But desktop computers have become powerful enough to perform many computer
vision tasks at reasonable speed.
The kit provides many of the fundamental image processing
functions commonly used in vision systems.
It is intended for programmers and others who program computers:
students, scientists, engineers and hobbyists.
The emphasis is on utility for vision applications. The functions provided are fully described
in the literature of the field. The kit
was designed to allow the developer to focus on higher level design issues, not
on tedious coding of standard algorithms.
The good news is that most of the standard algorithms, and even some
exotic ones are in the kit, and all for low price.
Convolution: the user can specify masks of up to 127 by 127 for both
integer and floating point convolutions.
There is a very fast 3 by 3 integer convolution, median filtering and a
fast mean filter.
Point
Operations: the usual point (brightness) operations, such as
thresholding, contrast, negatives, clipping, logarithms, bitwise and generic.
Cutting and
Pasting: rectangular chunks can be lifted from images and pasted to
other images at any point. Images can
also be cut and pasted to/from the Windows Clipboard.
Geometrical: translation with bilinear interpolation, rotation by any
floating point value, or by 90 degrees, fast zoom, flipping and polynomial
warping.
Morphological: erode, dilate, open, close and Laplacian of Gaussian edge
detection operator.
Profiles and
Histograms: line profiles of any length and direction; row, column and
overall image histograms; horizontal, and vertical projections.
Prepackaged
Shapes: generate images as ramps, mound, gaussian, cone, pyramid,
rectangle, circle, etc.
Image Pairwise
Combinations: linear, multiply pixels, divide, add, difference, use
max/min, and, or, etc.
Transforms: Fourier (FFT and IFFT) and Hough.
Template
Matching.
Blob Detection: Typically used with Template Matching, bright blobs are
detected, and their coordinates returned.
Hue Changing.
There are also floating point and
integer-based images with limited operations.
The integer size allows for averaging images together (for noise
removal), and the floating point allows for adding, multiplying images and
accurate FFT work.
There are some useful matrix
operations, such as multiplication, finding the inverse, finding the
pseudo-inverse and solving matrix equations.
Finally there is a vector form of the FFT (for one dimensional arrays, such as sound
clips).
Purchase of the Vision Starter Kit
entitles the purchaser to create and distribute applications which use the
DLL. The DLL itself can be distributed
with the application as long as its name is not changed (VISIONSK.DLL).
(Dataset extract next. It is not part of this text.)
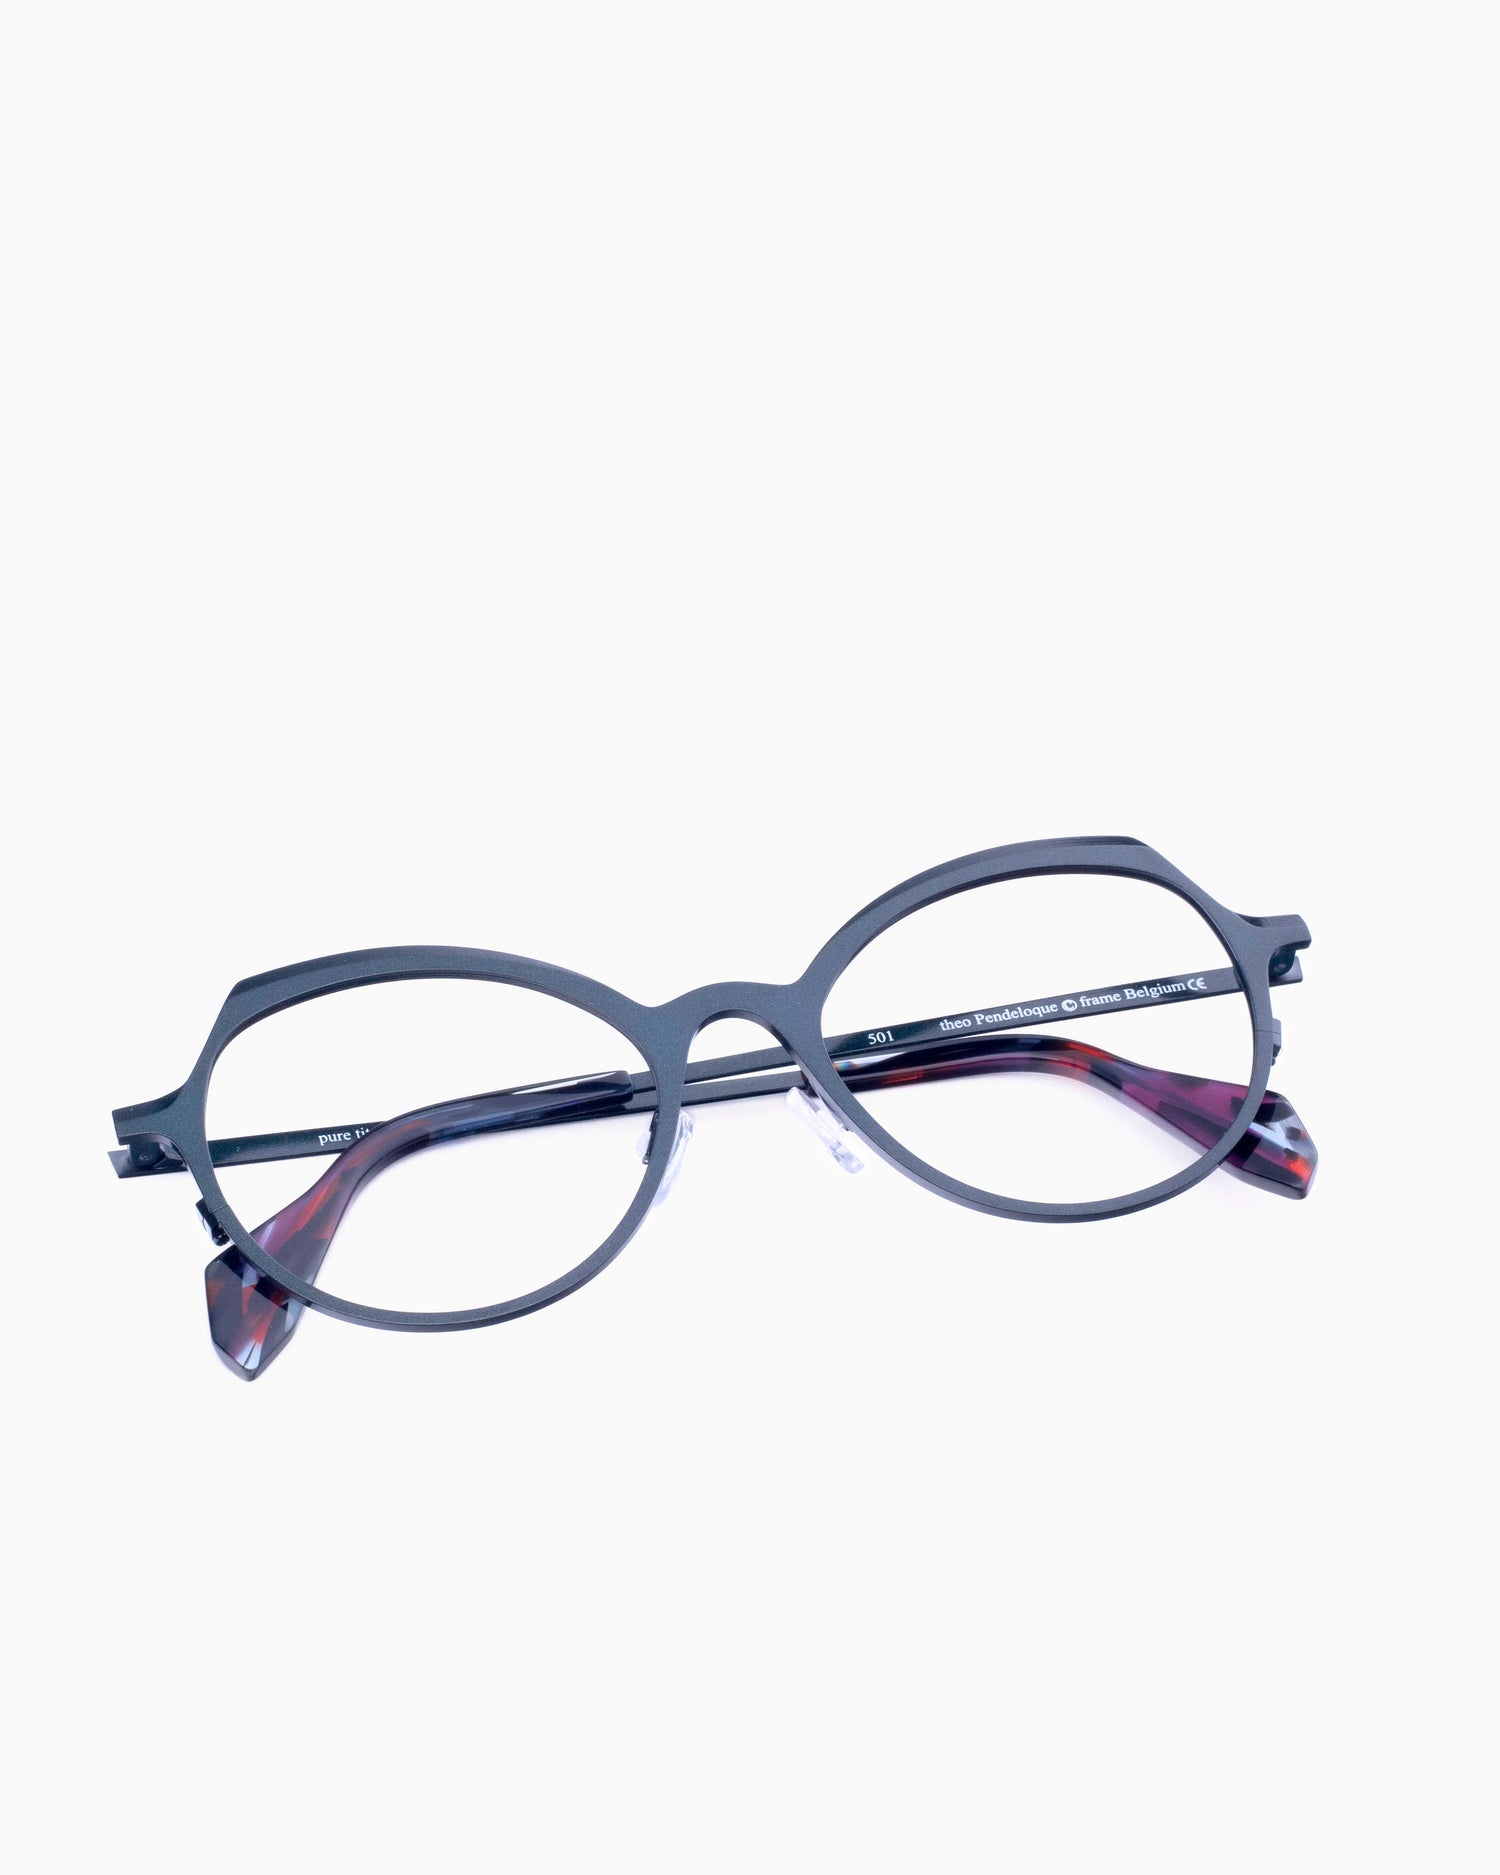 Theo - Pendeloque - 501 | Bar à lunettes:  Marie-Sophie Dion
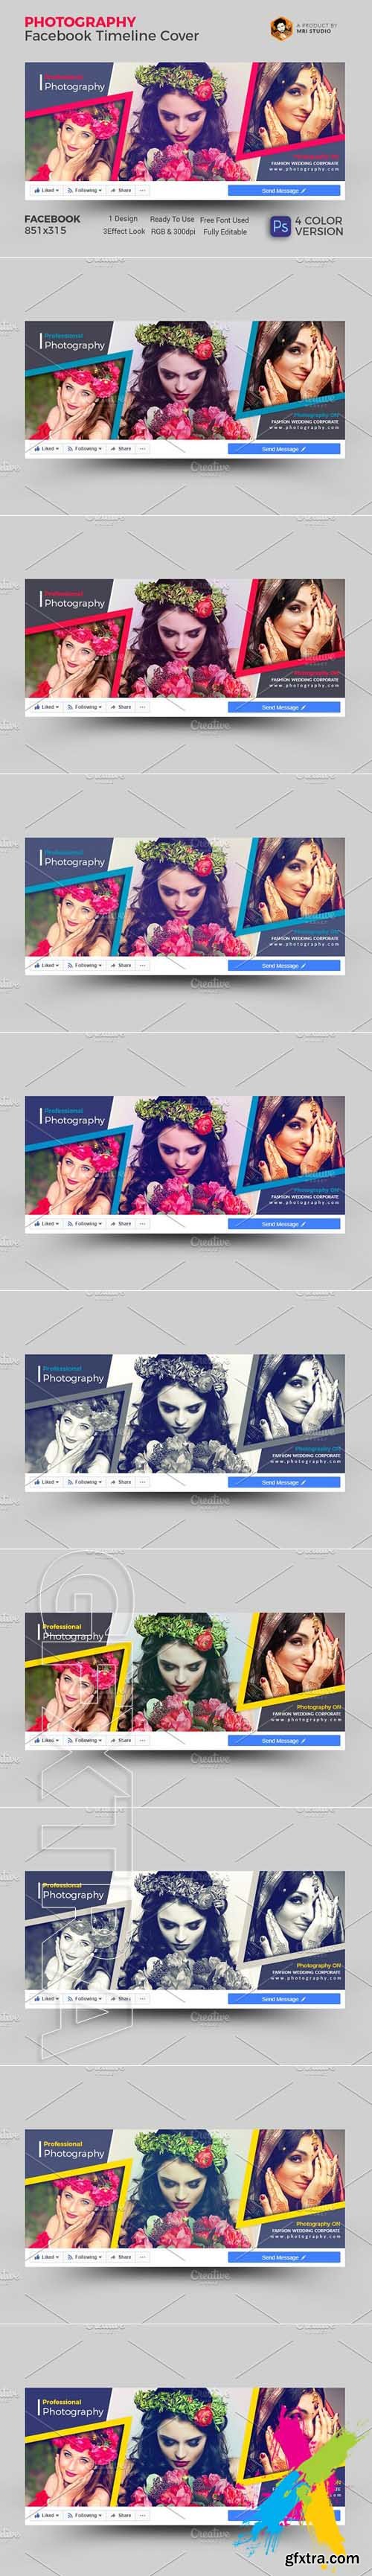 CreativeMarket - Photography Facebook Timeline Cover 1862921

However, information about the interface and
source code included in the Vision Starter Kit must not be distributed.
Programs using .NET will also need the VisionStarterKit.dll
along with VISIONSK.DLL. The VisionStarterKit.dll file is a C# “wrapper dll”
which converts the functionality of the original dll into a suite of .NET
classes, and is meant to work with VB.NET and C# applications. Other .NET
languages should also be able to use the DLL. As long as both dlls, along with
your application file (an exe) all occupy the same directory, the appication
should be able to load and call the dlls.
Currently the supported file format
is the Windows BMP format. This is a
standard image file format, but the developer may need to purchase a separate
file conversion program from another vendor to convert images if they are not
in a BMP format (also known as DIB format,
for Device Independent Bitmap, typically in a file with a .BMP extension).
On the other hand, most development
languages offer tools or controls to read and write image files in other
formats. For example, one might load a JPEG file into a VB Image control, and
create an RGBImage from its bitmap handle. With .NET, many different image file
formats are supported, and it is possible to create a Gray8Image directly from
an Image class instance. The .NET library loads and converts these files to the
familiar BMP format. See the VB.NET example program, which loads the full
variety of image formats this way.
The first release of visionsk.dll
was a 16-bit program, and used the cdecl calling convention.
Later, a preliminary version of the DLL emerged as part of the ImageRGB
control, an activeX component for color image processing. That version is 32-bits, but also uses the
cdecl calling convention. The current
version of visionsk.dll is 32-bit, but uses the more accessible stdcall calling convention.
Therefore, the earlier DLLs will not work with programs designed to call
the current product. So if an earlier
DLL is still located in your path, it may be found and loaded by Windows before
the correct, current version. Since
Windows uses the first DLL it finds, improper versions will fail to load
properly, causing the requesting application to fail. Care must be taken to ensure that only the correct DLL is visible
to the system.
Chapter
3
The term DLL stands for "Dynamic Link Library", meaning a
library of functions linked to your application (EXE) dynamically, not statically (as in the DOS world). Instead of packing the functions into your
EXE file at link time, only a list of them is stored. The functions instead live in the DLL, which is loaded by Windows
when your EXE asks for the DLL to be loaded.
Assuming that Windows finds the DLL as requested, your application can
now call these functions. In fact,
other applications can use these same functions simultaneously. The benefit is smaller EXE sizes, the
ability to have many applications running simultaneously all using the DLL, and
a compiler-independent function library which can be called by C, Pascal, Basic
and other languages and environments running under Windows.
This DLL is the class library meant
for users of Microsoft’s .NET environment.
Just like the VB, Delphi and C classes, this DLL has the wrapper classes
for .NET applications. As a .NET library, the code within the DLL is not
machine code, but is intermediate code which is converted to machine code at
run time by the .NET runtime environment. VB.NET, C# and C++.NET (managed C++)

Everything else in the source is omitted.